# GIVEN MATERIAL

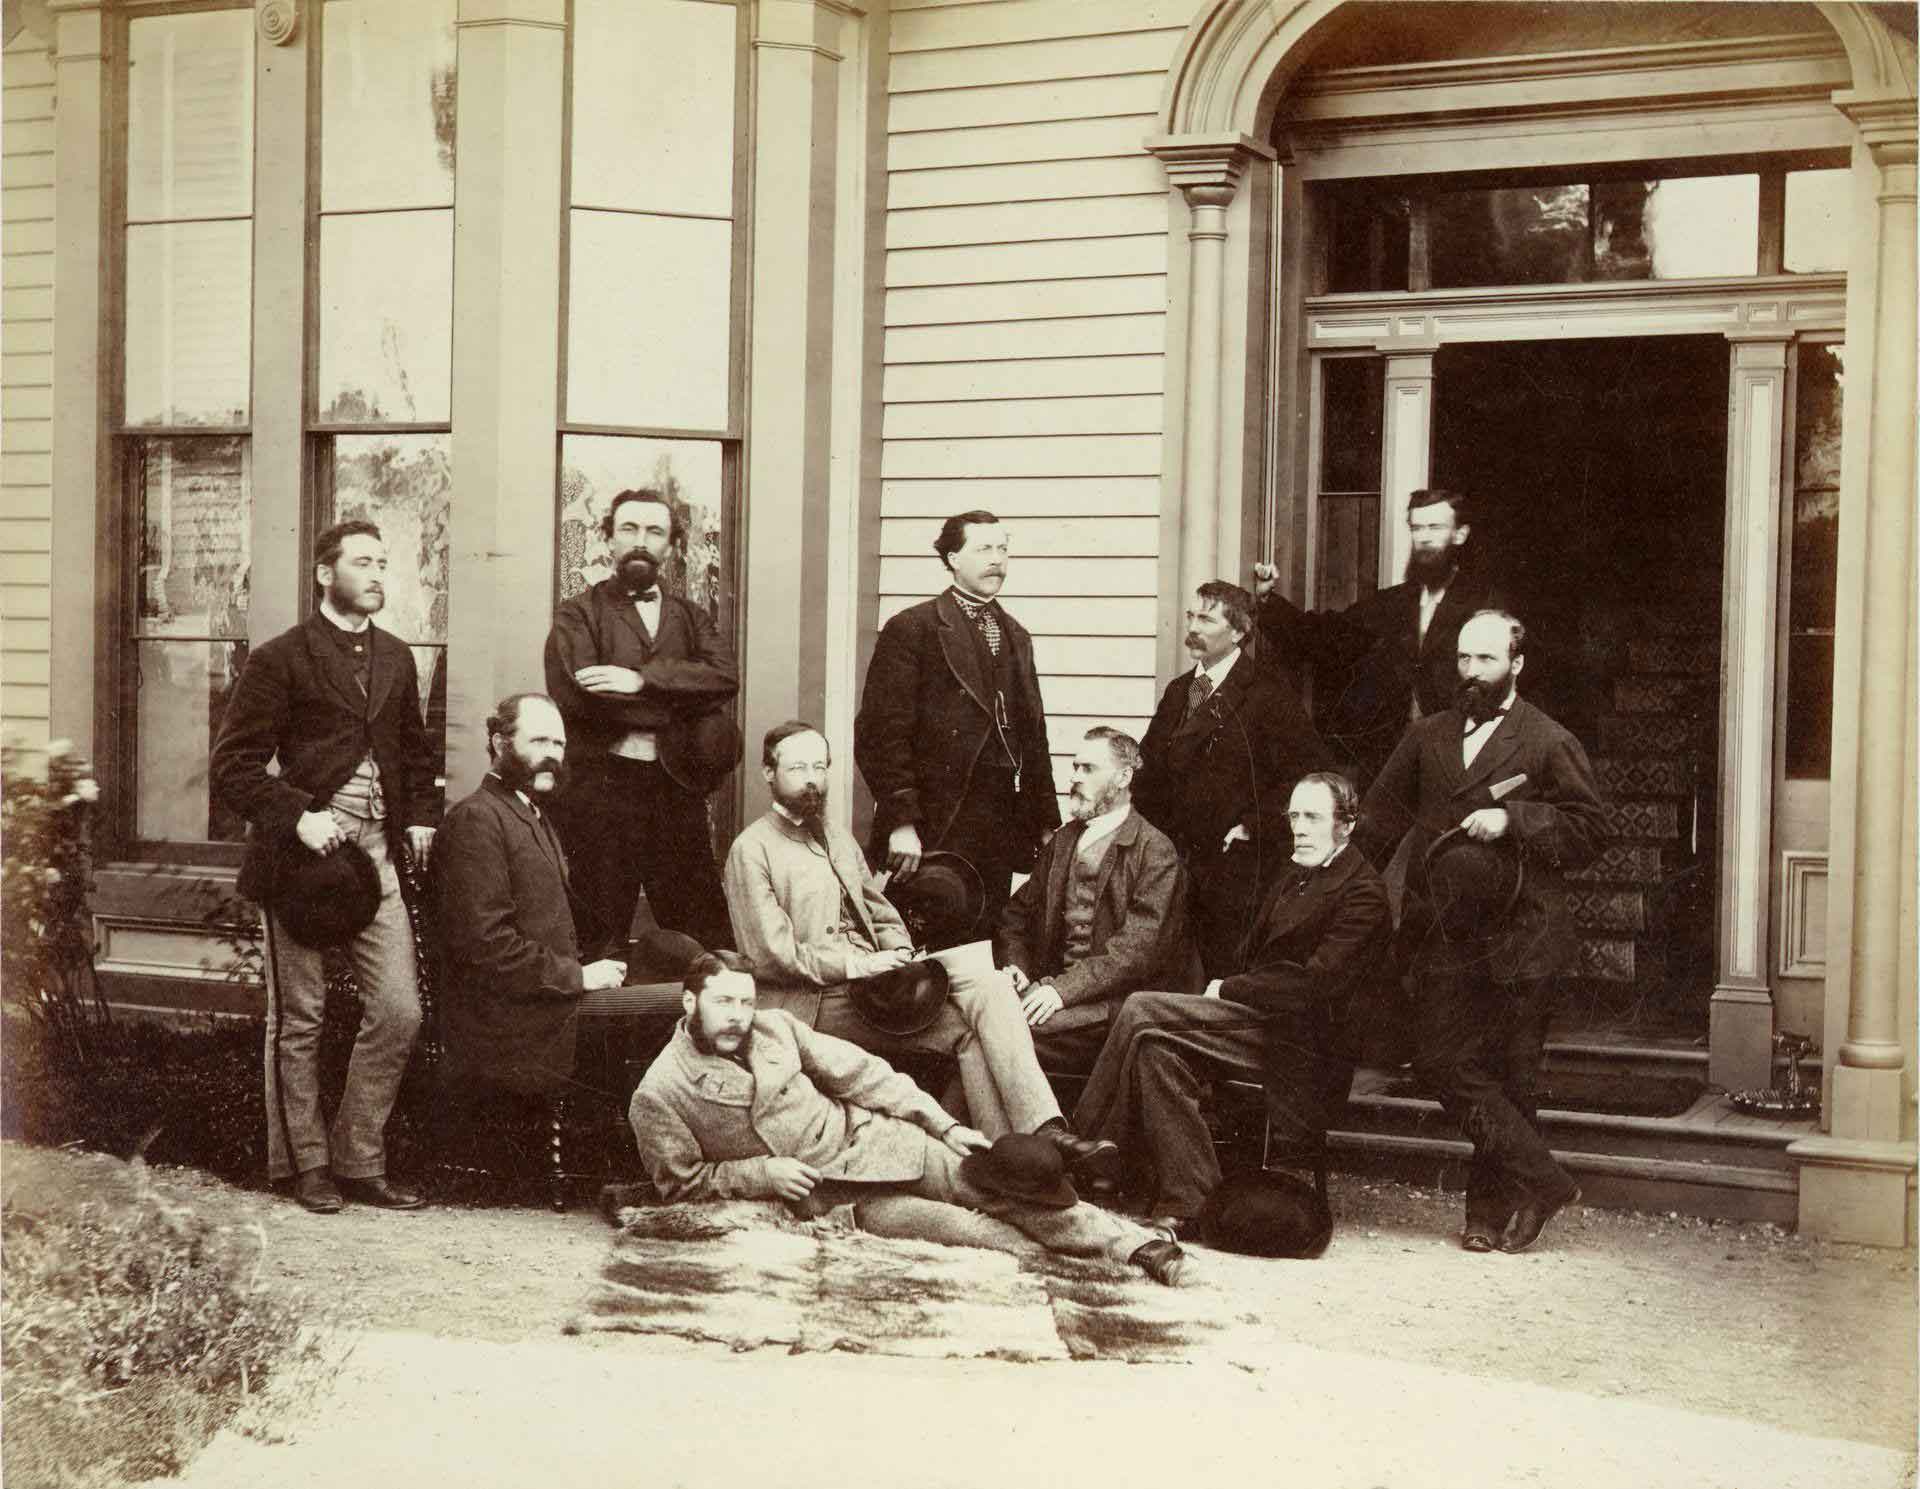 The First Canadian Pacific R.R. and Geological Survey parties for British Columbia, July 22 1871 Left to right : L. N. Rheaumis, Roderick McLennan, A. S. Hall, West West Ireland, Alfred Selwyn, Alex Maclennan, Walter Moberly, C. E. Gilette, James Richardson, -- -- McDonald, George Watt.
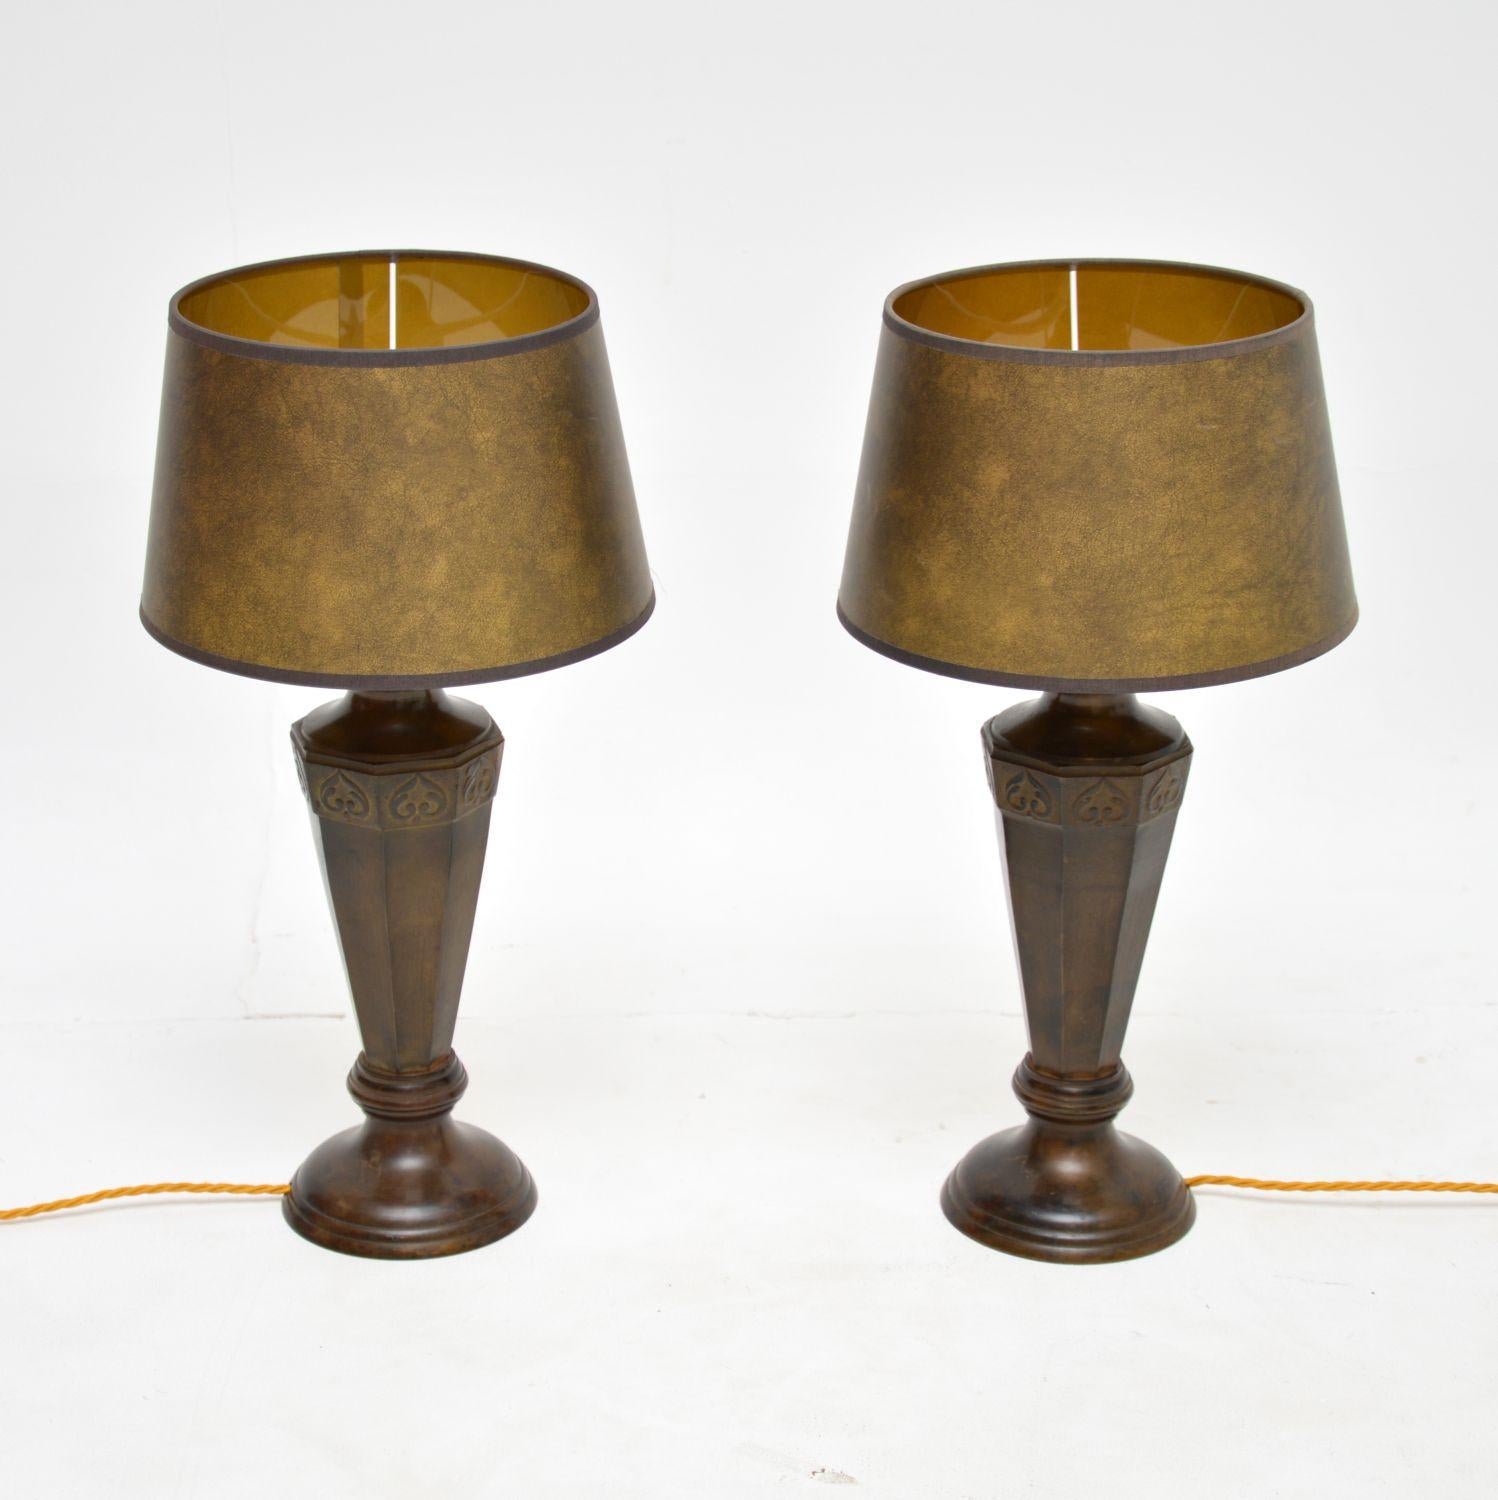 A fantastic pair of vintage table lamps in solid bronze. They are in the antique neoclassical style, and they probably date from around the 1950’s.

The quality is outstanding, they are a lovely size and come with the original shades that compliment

# REQUIRED ACTION
Here the requirement is to restate exactly the line holding "A fantastic pair" and every later line through the end of the material, omitting pictures.

# EXERCISE RESULT
 A fantastic pair of vintage table lamps in solid bronze. They are in the antique neoclassical style, and they probably date from around the 1950’s.

The quality is outstanding, they are a lovely size and come with the original shades that compliment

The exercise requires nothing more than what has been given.